Флот в Белой борьбе. Том 9 - Сергей Владимирович Волков
С неприятеля грянул первый выстрел, давший большой перелет. Я почувствовал большое облегчение: у него была такая же трехдюймовая пушка, что и у нас, и его гранаты летели через нас с мелодичным пением. Мы немедленно начали ему отвечать. Наша пушка бешено подпрыгивала после каждого выстрела, и пароход, непривычный к стрельбе, при этом сильно содрогался. Наши снаряды тоже ложились перелетами; расстояние до неприятеля неуклонно уменьшалось.
Я оглянулся кругом. Вся картина была необыкновенно красива. Солнце только что зашло за береговые холмы, но было еще совсем светло. Высоко над нами начинала обозначаться полная луна. Море было как зеркало; далеко на северо-востоке зажглась яркая звездочка Четырехбугорного маяка. В центре этой картины яростно палили друг в друга два колесных парохода, причем на мачте неприятеля развевался красный значок антихриста, а у нас – белый с синим крестом – хоругвь Христа. Бой разгорался; мы пристрелялись заметно раньше противника; абордажная партия была наготове. В это время противник дал полный ход, очистив нам вход в канал. Не выдержав нашей атаки, он поспешно стал удаляться к маяку. Мы стреляли ему вдогонку, и в наступившей темноте был ясно виден разрыв нашего снаряда у него в корме. Это было как раз вовремя, потому что от непривычных толчков во время стрельбы треснул лафет нашей пушки и мы больше не могли стрелять. Пришлось отказаться от погони, и я решил входить в Логань задним ходом, чтобы, так сказать, на страх врагу быть к нему все время обращенным носом.

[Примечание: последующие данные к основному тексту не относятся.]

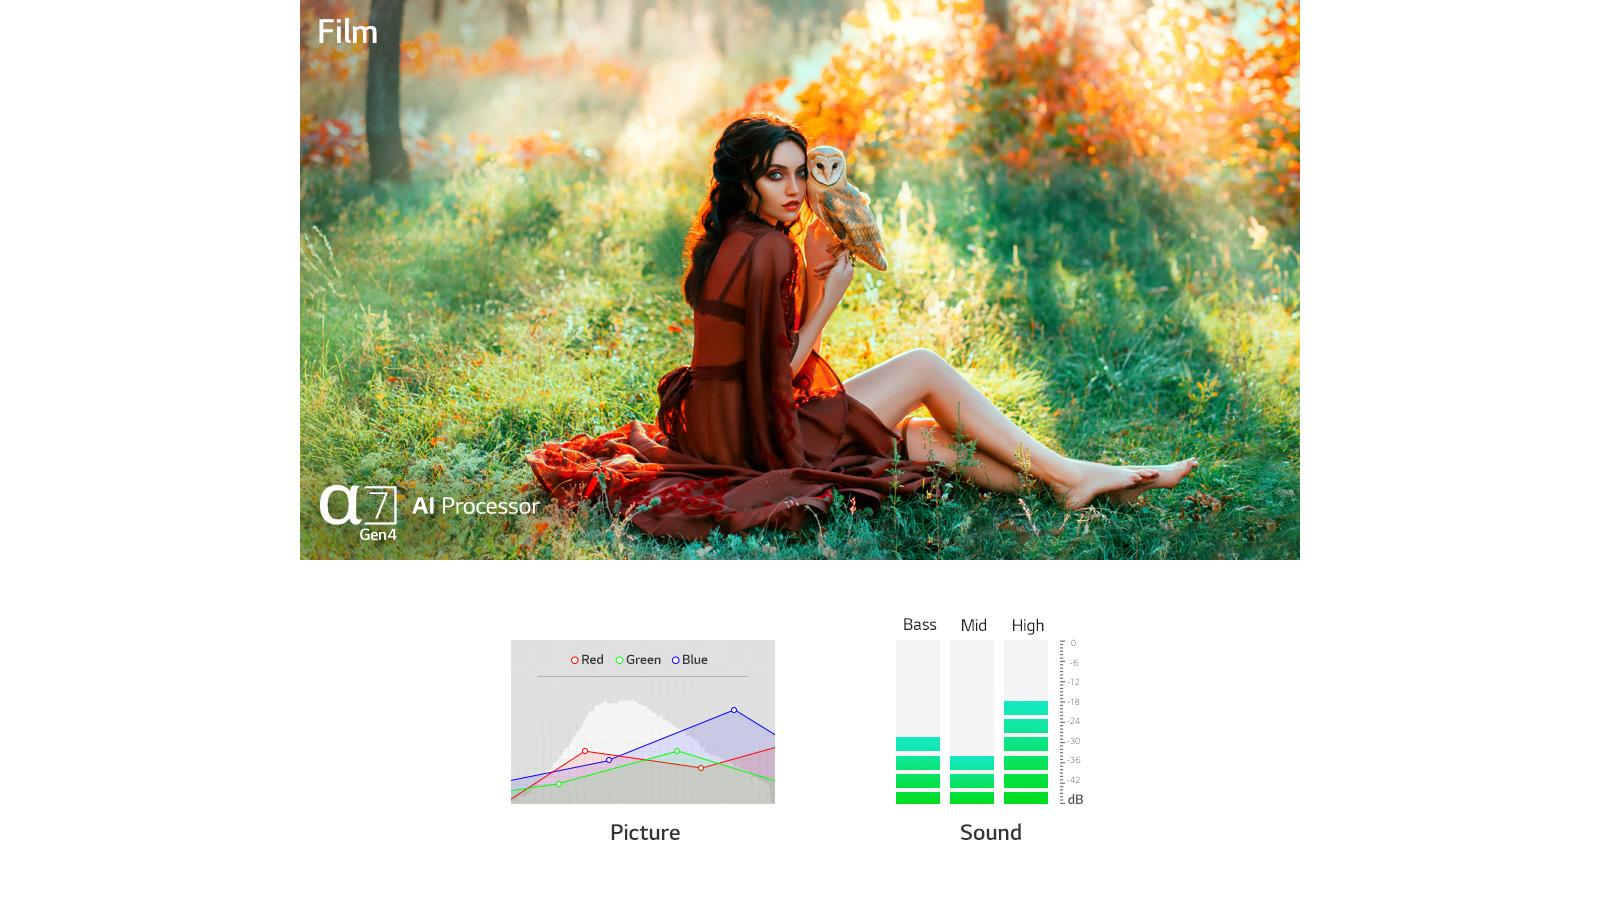 Dwie sceny automatycznie optymalizowane pod względem dźwięku i obrazu przez procesor a7 Gen4 AI (odtwórz film)

Уже в полной темноте мы стали на якорь, встреченные радостным «ура» с судов отряда. Штабной полковник, которому во время нашего боя было сильно не по себе, поспешил съехать на берег. Я узнал, что в Логань прибыл значительный отряд от группы Драценко под начальством генерала Киленина497, и немедленно отправился к нему с целью представиться и доложить о бое.
Генерал встретил меня очень приветливо. Он сообщил, что оборона Логани поручена ему и что он решил упорно оборонять село. Я ушел спокойным и был очень доволен, что нахожусь здесь не один. По дороге я узнал, что в селе разместились александрийцы, конная батарея и, кажется, две роты пехоты.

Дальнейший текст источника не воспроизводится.